Senate President John Cullerton has been telling some of his members for weeks that he was resigned to an overtime session. The General Assembly likely wouldn’t be able to adjourn by the scheduled May 31 deadline, he said. There was just no getting around it, so people should just accept that fact and move forward.

But not long ago, Cullerton reportedly came to the conclusion that if the spring session did go into overtime, then the Republicans would likely keep everyone bottled up in Springfield all summer long. So, now his focus is on getting everybody out of town by the end of May.

May 31 is an important deadline because all bills voted on after that date will require an extraordinary majority of three-fifths to pass. That means no budget can be approved, no Medicaid solution can be found, no pension systems can be reformed without three-fifths super-majorities

The Democrats control both legislative chambers, but they don’t have three-fifths. They’re seven votes shy in the House and one vote short in the Senate. One vote may not seem like a lot, but the partisanship can sometimes get so intense in the General Assembly these days that one vote might as well be 100.

Cullerton has been hoping for a bipartisan settlement on those three gut-wrenching issues facing the Statehouse: Medicaid, pensions and the budget. And even though the Republicans deny it, Cullerton has  come to the conclusion that the GOP is slow-walking everything and suspects that the Republicans want to push the session into overtime to create as much political chaos as possible.

The majority party always takes the blame for overtime sessions, so tying up vulnerable Democratic incumbents in an unpopular and chaotic overtime session would further damage the party’s image and prevent members from walking precincts and going to events back home. 

So, when I asked Cullerton about a Senate Republican demand that the state budget be cut far more than a bipartisan agreement made in the House, he shot back, “It’s just an excuse to vote ‘No.’”

The House approved that agreement, which limited state operational spending to $800 million below the revenue forecast, by a lopsided 91-16 back in late March, but the Senate Republicans want that spending limit lowered by another $1.4 billion.

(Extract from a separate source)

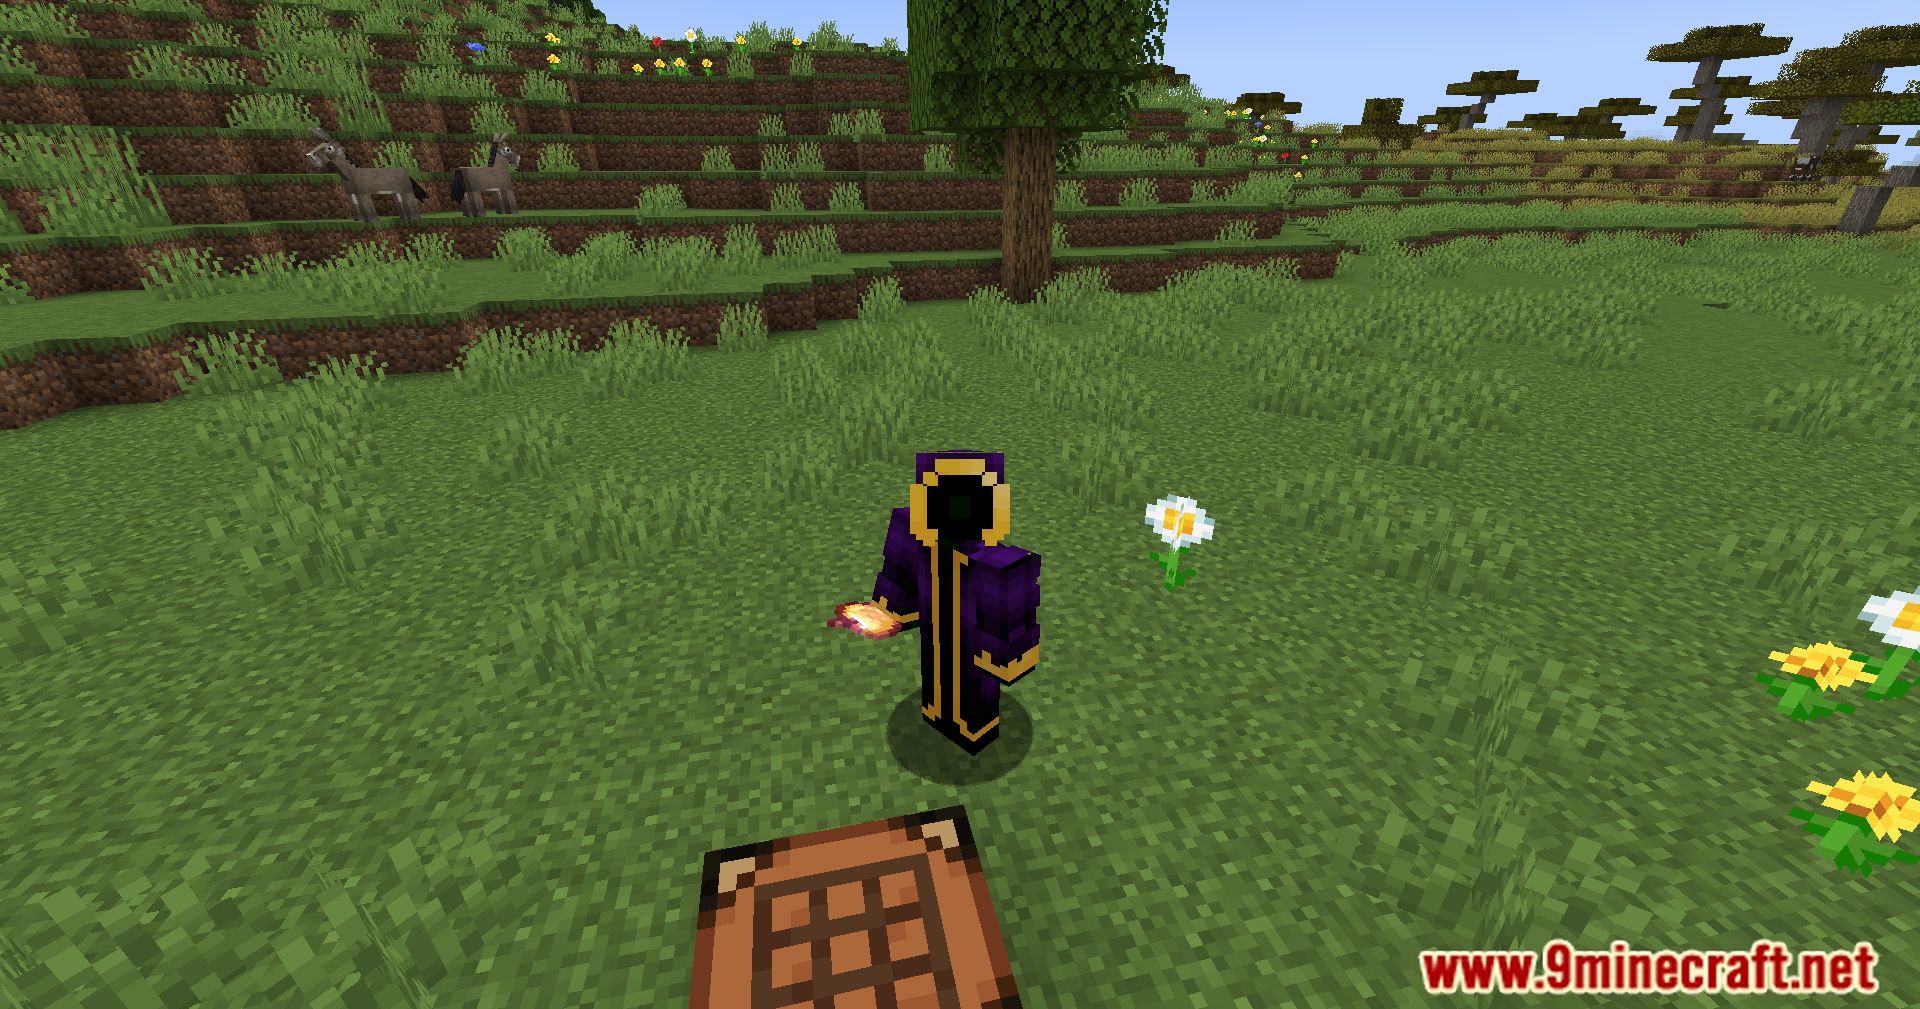 Craftable Enchanted Golden Apple Mod (1.20.4, 1.19.4) - Return To Classic Crafting, Reintroducing Notch Apples 9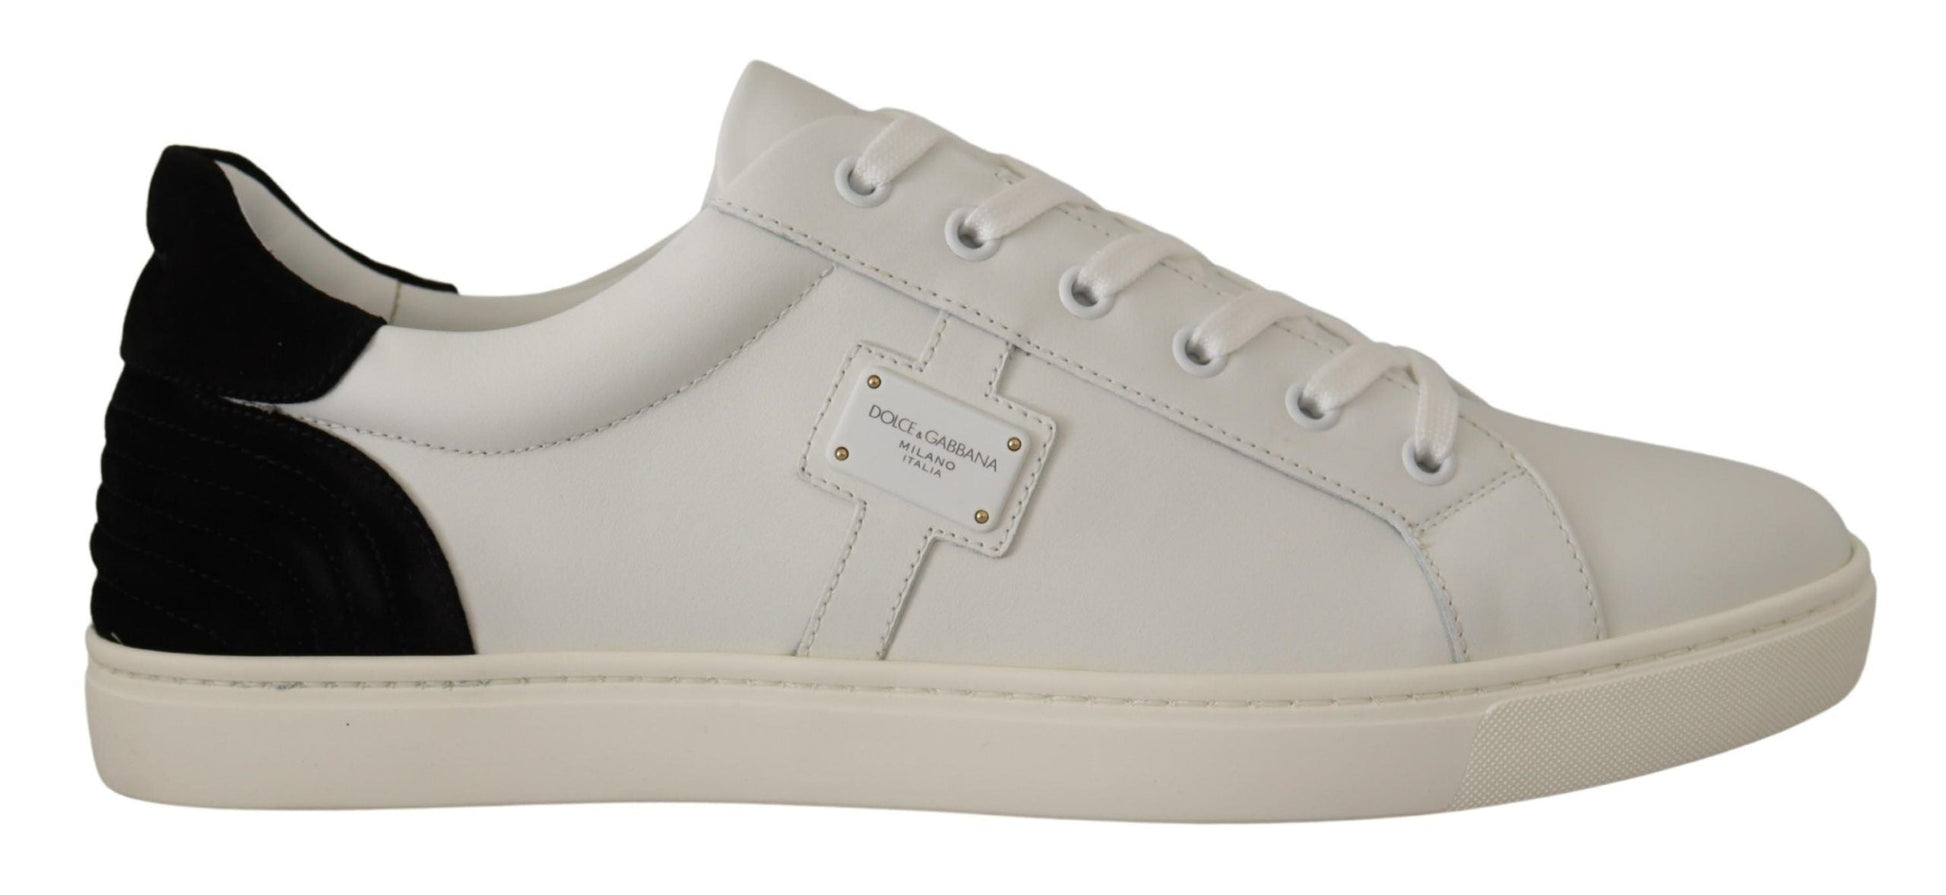 Dolce & Gabbana White Suede Leather Men Sneakers | Fashionsarah.com

Republican “budgeteer” state Sen. Matt Murphy picked up sponsorship of the House spending cap resolution on March 30, the day it passed the other chamber. But Murphy has refused to call the measure for a vote in the committee, including last week when he was purposely singled out in the Senate Executive Committee. Chairman Don Harmon asked Murphy whether he was prepared to move the resolution. Murphy’s umpteenth refusal prompted Democrats to demand that the Republicans “move their other budget recommendations in a bill.”

The fight over the House spending resolution is one of the most important pieces of evidence that President Cullerton has to “prove” that the Republicans want to force an overtime session by slow-walking all the big stuff until after May 31.

The Democrats don’t have enough votes to pass that big stuff on their own right now, when bills “only” require simple majorities. Steep budget cuts, slashing Medicaid and whacking union members’ pensions are just not appealing to most Democrats. So they need the Republicans on everything.

Sen. Murphy admitted last week that his caucus knows the Democrats can’t pass a budget by themselves, so the Republicans are using their leverage to maximum advantage in order to force more spending cuts. Murphy also refused to lay out any significant budget proposals of his own, saying they should be negotiated.

Murphy said the proposed $2.4 billion in cuts would put the state on track to balance the budget by the time the temporary income tax increase expires.

“Let’s get it all over with now,” Murphy explained, rightly saying that the spending levels proposed by the House will still require even more painful cuts next year. He also pointed out that major budget cuts now might create a huge controversy that Democrats could use to justify making the tax hike permanent if they wanted.

But Cullerton and the Democrats maintain that the Republicans just want to create chaos with a long and nasty overtime session that they can exploit for partisan advantage this November.

Both sides are probably right. That gives me no comfort at all.